PHIL 428 Topics in Ancient Philosophy 3 OR 4 hours. Careful reading of related works by Ancient Philosophers, such as Plato and Aristotle. 3 undergraduate hours; 4 graduate hours. Prerequisite(s): PHIL 220 or PHIL 221; and junior standing or above.
PHIL 429 Special Studies in the History of Philosophy 3 OR 4 hours. Advanced study of a historical school, period, or the development of a historical theme. 3 undergraduate hours. 4 graduate hours. May be repeated up to 1 time(s) with approval. Approval to repeat course granted by the department. Prerequisite(s): One 200-level course in the history of philosophy or consent of the instructor. 
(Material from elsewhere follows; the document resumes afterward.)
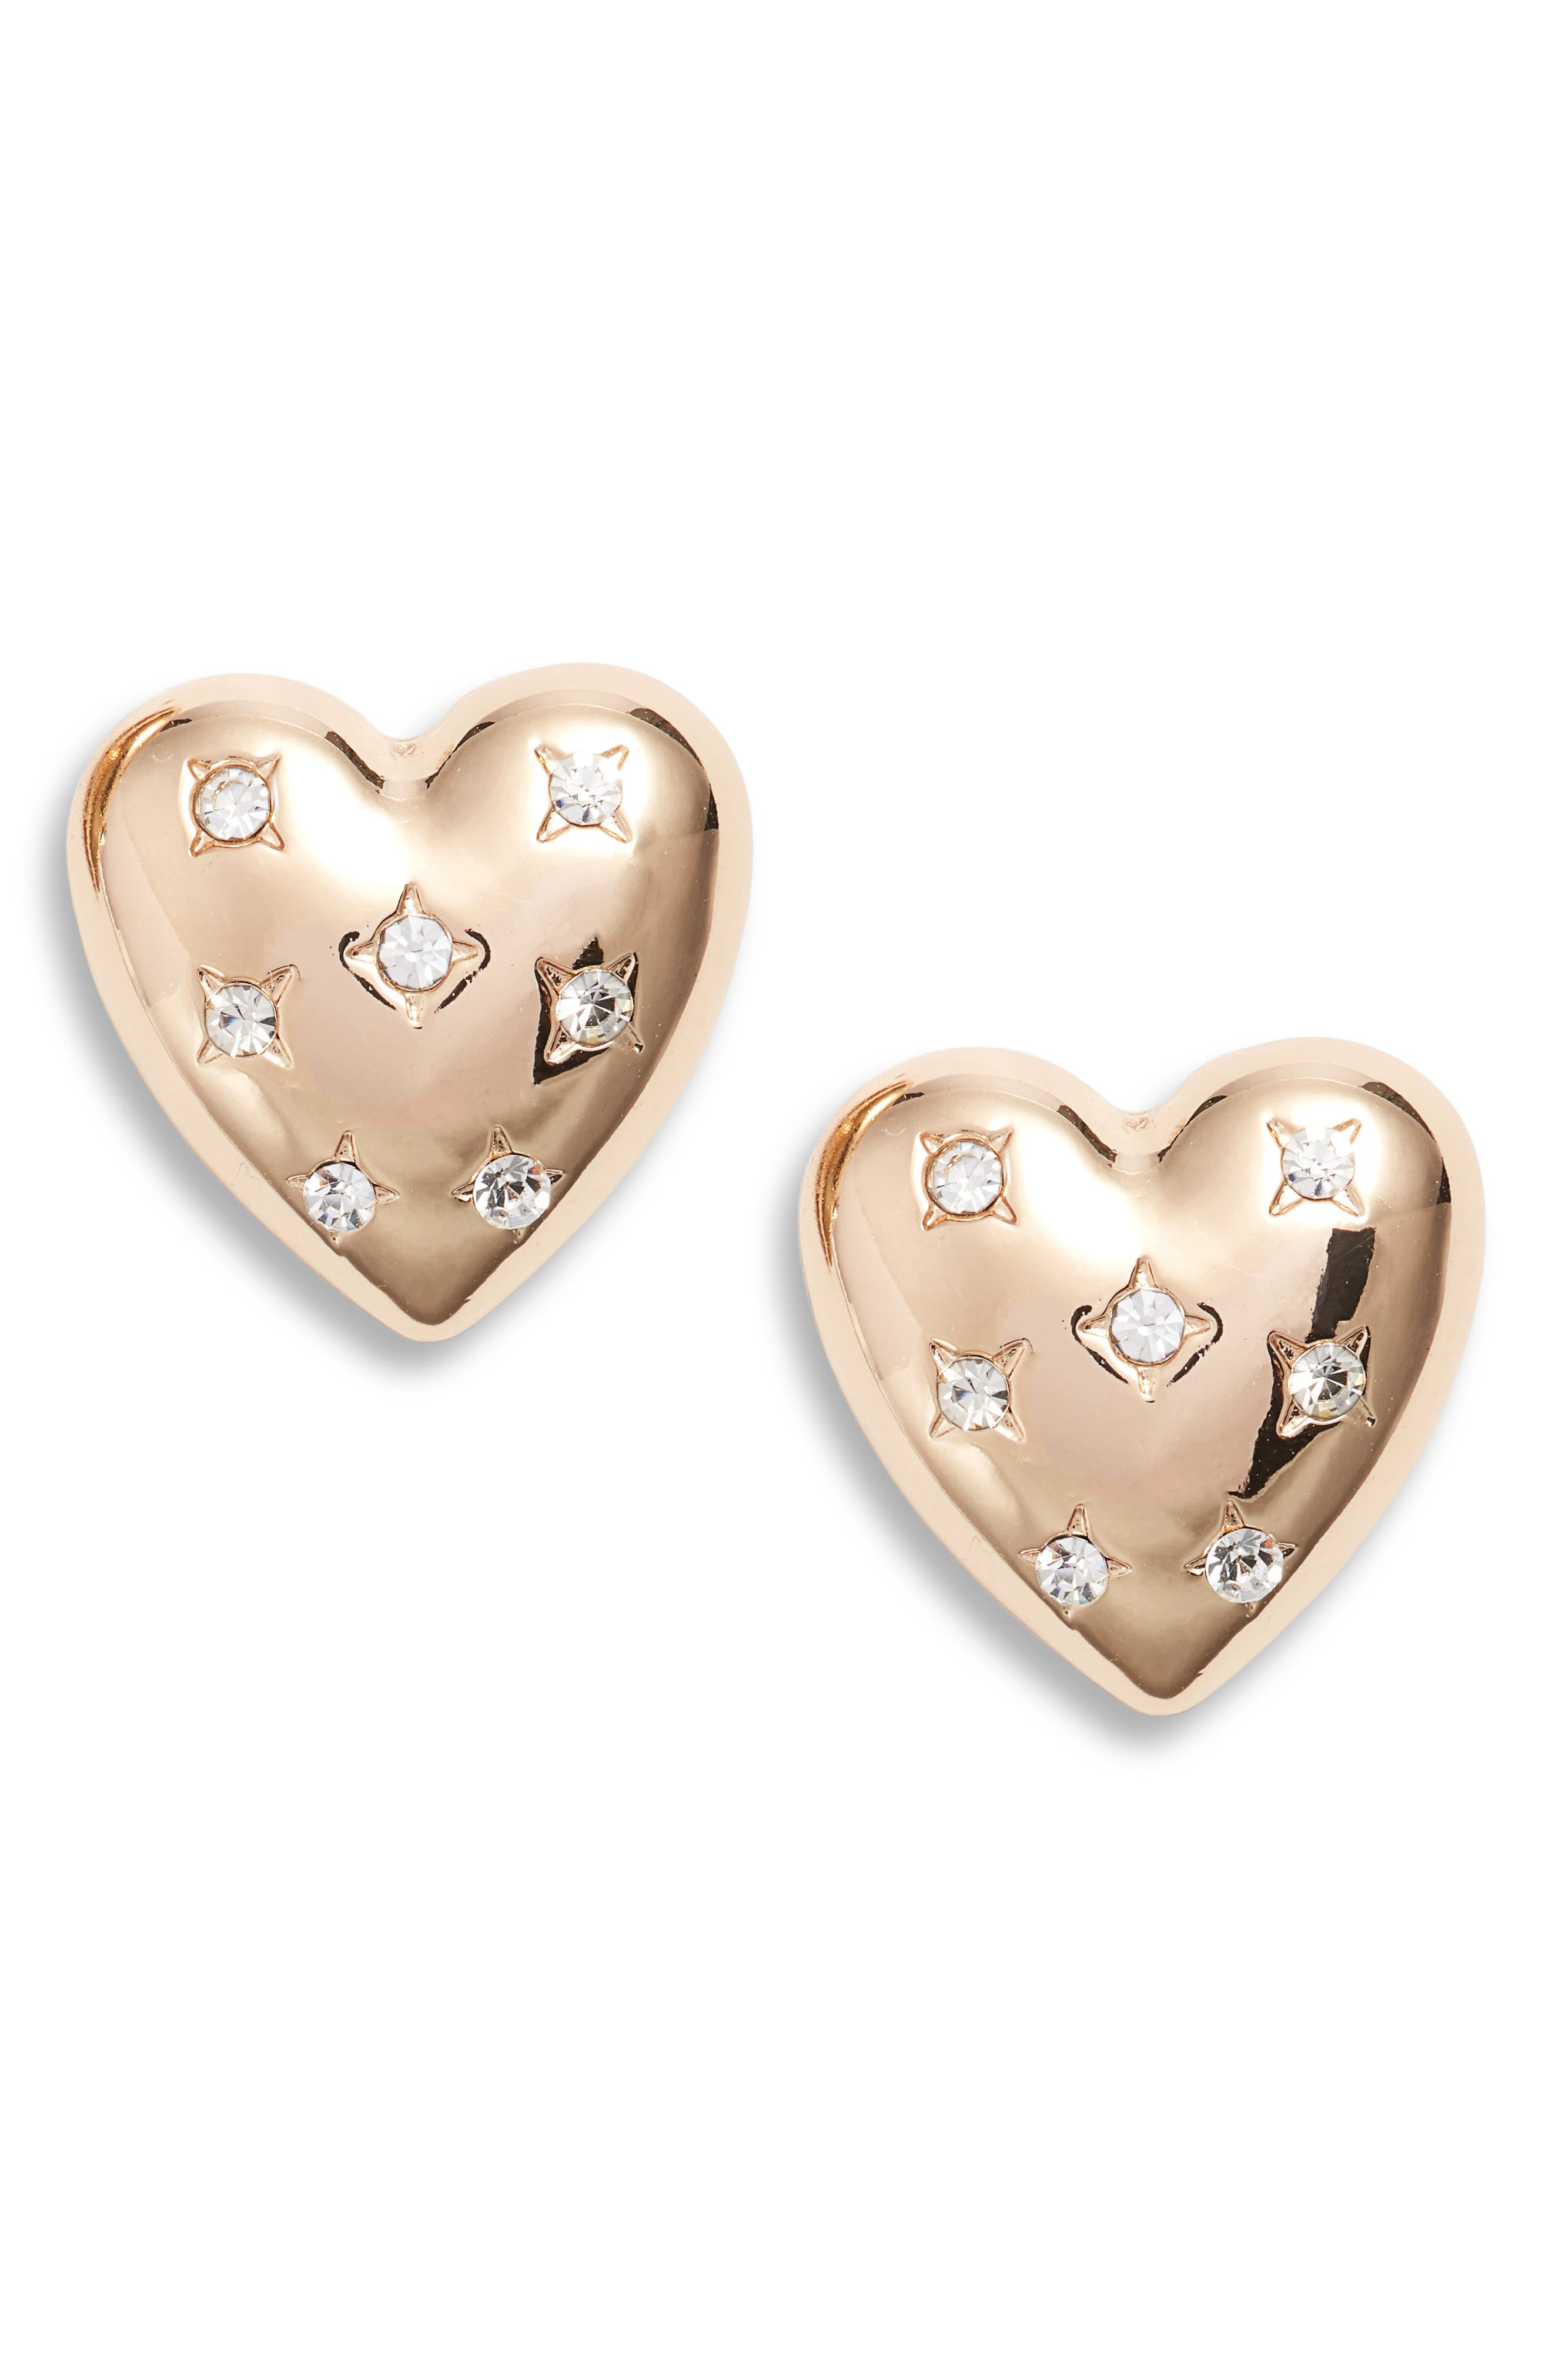 Crystal Heart Stud Earrings,                         Main,                         color, GOLD/ CRYSTAL

PHIL 430 Ethics 3 OR 4 hours. Selected topics in moral philosophy, such as normative ethics, value theory or meta-ethics. 3 undergraduate hours. 4 graduate hours. May be repeated up to 1 time(s) with approval. Approval to repeat course granted by the department. Prerequisite(s): One 200-level course in philosophy or consent of the instructor. Recommended background: Credit in a course in moral, social, or political philosophy. 
PHIL 431 Social/Political Philosophy 3 OR 4 hours. Selected topics in social and political philosophy. 3 undergraduate hours. 4 graduate hours. May be repeated up to 1 time(s) with approval. Approval to repeat course granted by the department. Prerequisite(s): One 200-level course in philosophy or consent of the instructor. Recommended background: Credit in a course in moral, social, or political philosophy. 
PHIL 432 Topics in Ethics 3 OR 4 hours. Selected topics in ethics. 3 undergraduate hours. 4 graduate hours. May be repeated up to 1 time(s) with approval. Approval to repeat course granted by the department. Prerequisite(s): One 200-level course in philosophy or consent of the instructor. Recommended background: Credit in a course in moral, social, or political philosophy. 
PHIL 433 Topics in Social/Political Philosophy 3 OR 4 hours. Selected topics in social and political philosophy. 3 undergraduate hours. 4 graduate hours. May be repeated up to 1 time(s) with approval. Approval to repeat course granted by the department. Prerequisite(s): One 200-level course in philosophy or consent of the instructor. Recommended background: Credit in a course in moral, social, or political philosophy. 
PHIL 441 Topics in Philosophy of Religion 0 TO 4 hours. Intensive study of one or more selected topics concerning the philosophical aspects of basic religious beliefs and concepts. 3 undergraduate hours. 4 graduate hours. May be repeated up to 1 time(s) with approval. Approval to repeat course granted by the department. Prerequisite(s): One 200-level course in philosophy or consent of the instructor. Recommended background: PHIL 241. 
PHIL 484 Neuroscience I 3 hours. Neuroscience as an integrative discipline. Neuroanatomy of vertebrates, neural development, cellular neurobiology, action potential mechanisms, synaptic transmission and neuropharmacology.   Same as BIOS 484 and PSCH 484.  Prerequisite(s):  BIOS 286 or PSCH 262.
PHIL 485 Neuroscience II 3 hours. Integrative neuroscience; continuation of BIOS/PSCH/PHIL 484. Sensory and motor systems; learning, memory, and language. Pathology of nervous systems. Philosophical perspectives, and modeling.   Same as BIOS 485 and PSCH 485.  Prerequisite(s):  BIOS 484.